▶ _MATERIAL PROVIDED_:

== Segment start ==

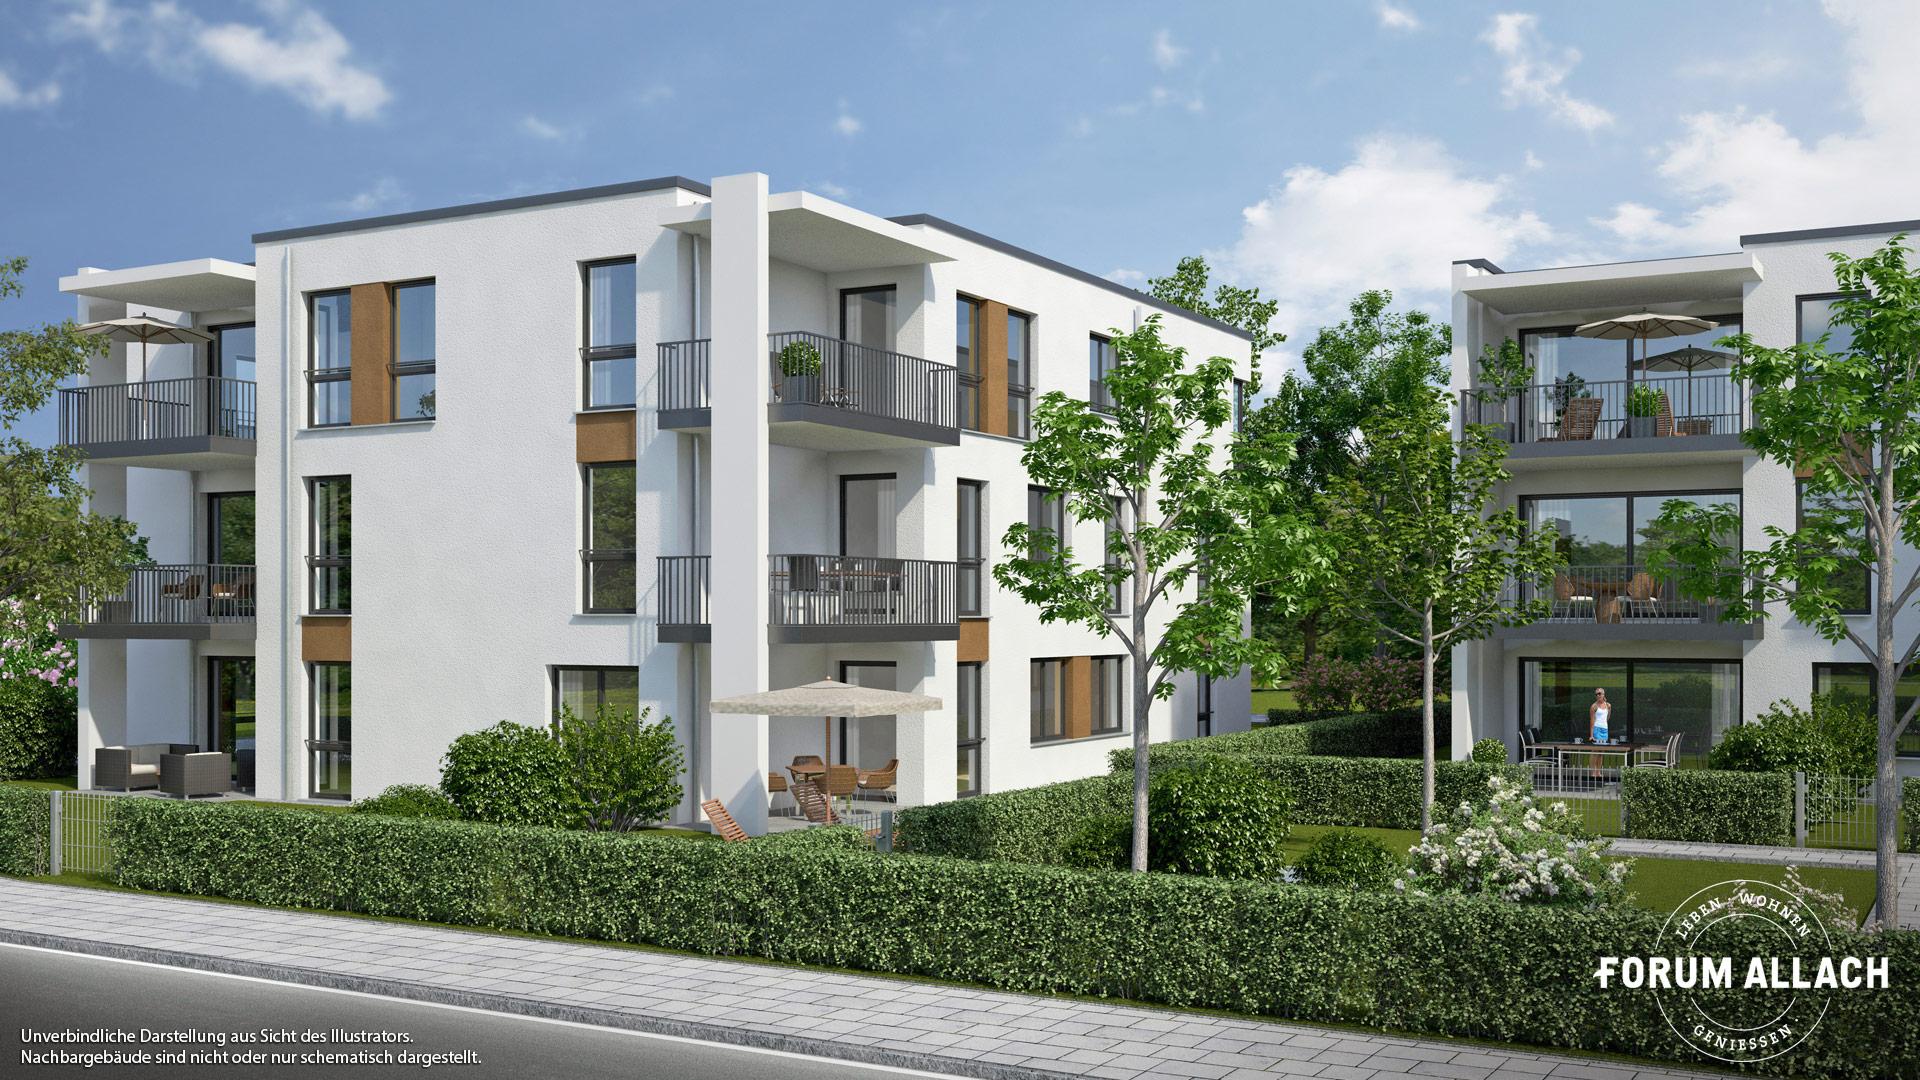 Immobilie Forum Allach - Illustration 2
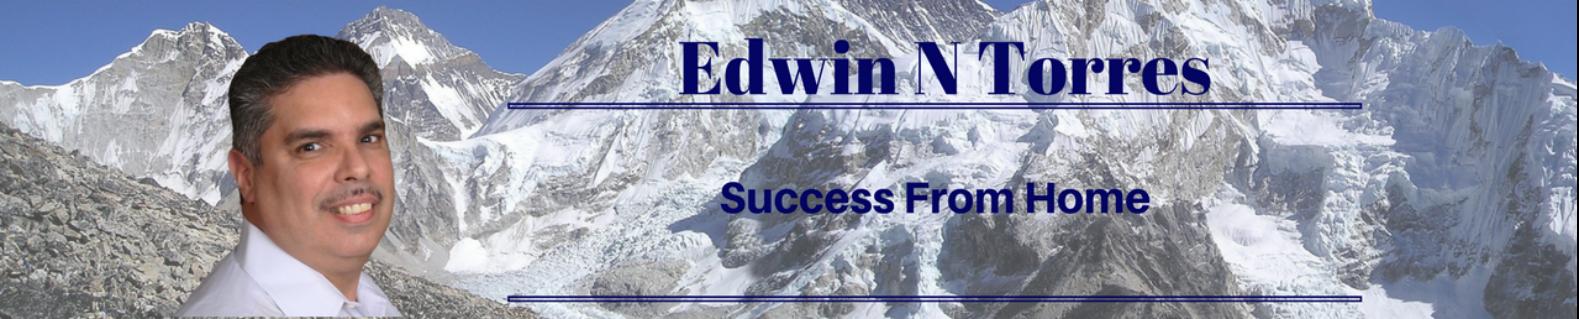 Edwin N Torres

== Segment end ==
== Segment start ==

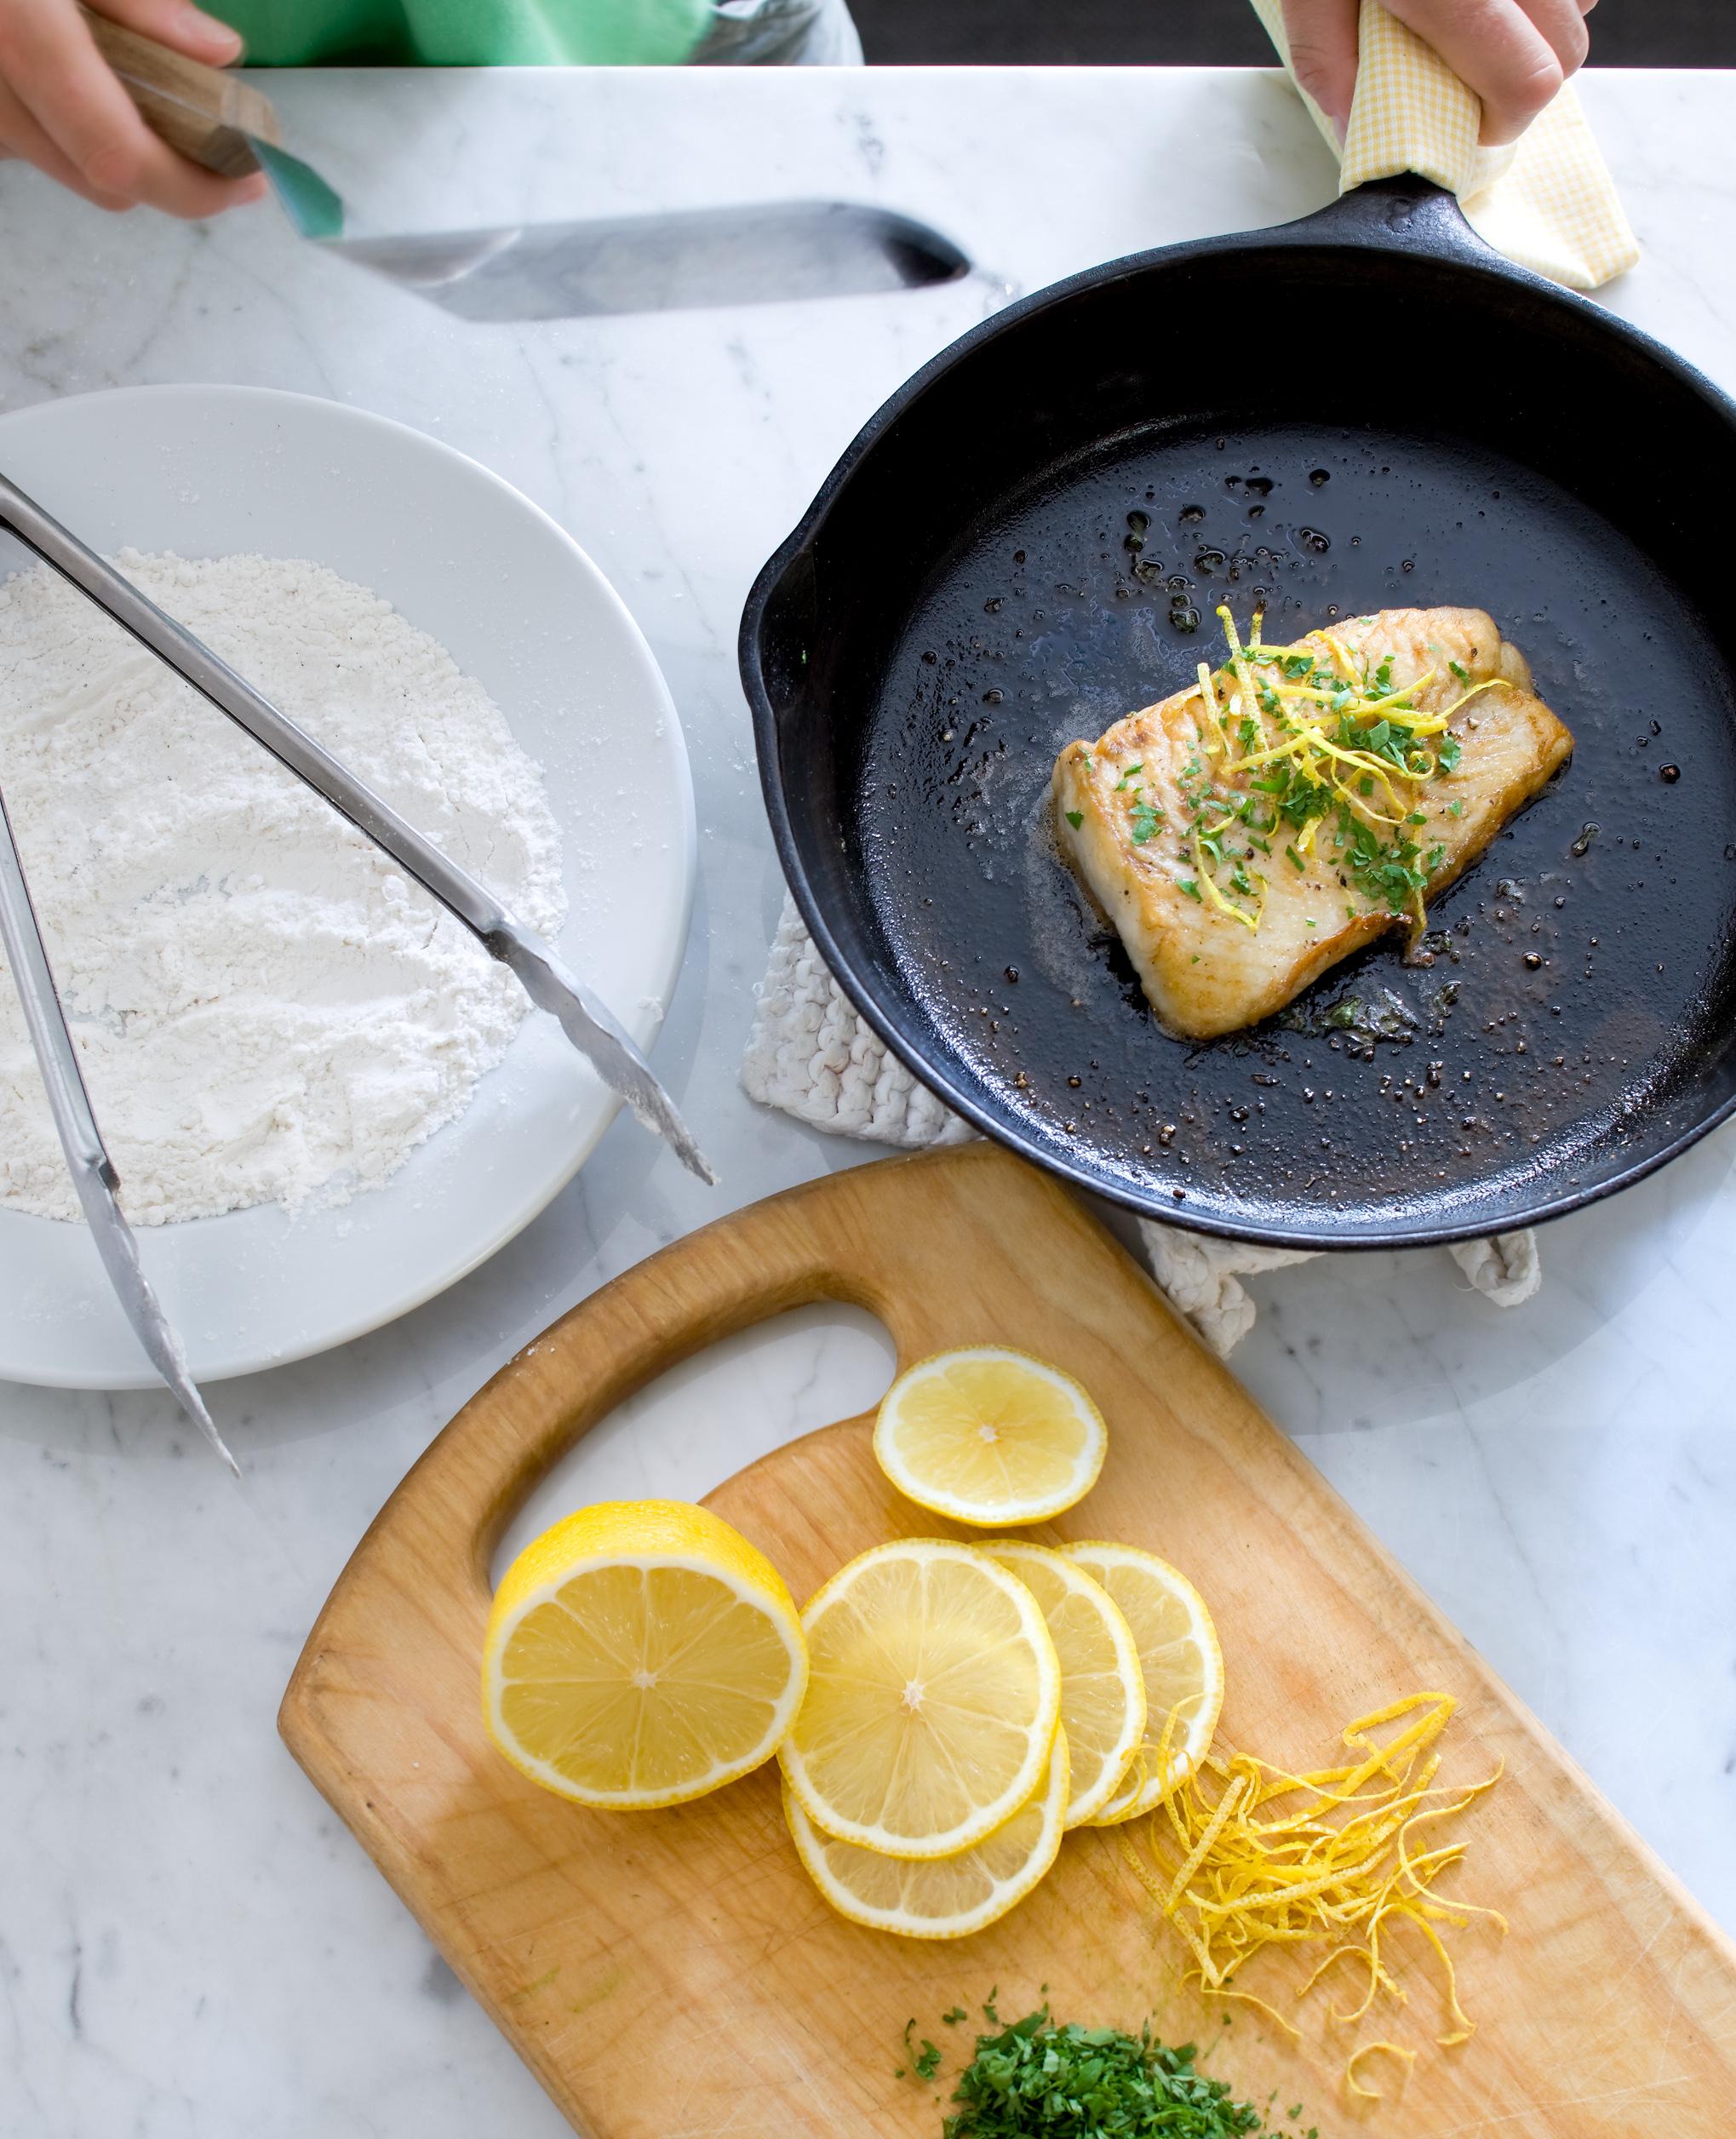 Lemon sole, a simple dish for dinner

== Segment end ==

▶ _ACTIVITY_:
Skipping every picture, transcribe exactly the lines above from the one containing "Immobilie Forum Allach - Illustration 2" through the one containing "Edwin N Torres", both included.

▶ _PROBLEM SOLUTION_:
 Immobilie Forum Allach - Illustration 2
 Edwin N Torres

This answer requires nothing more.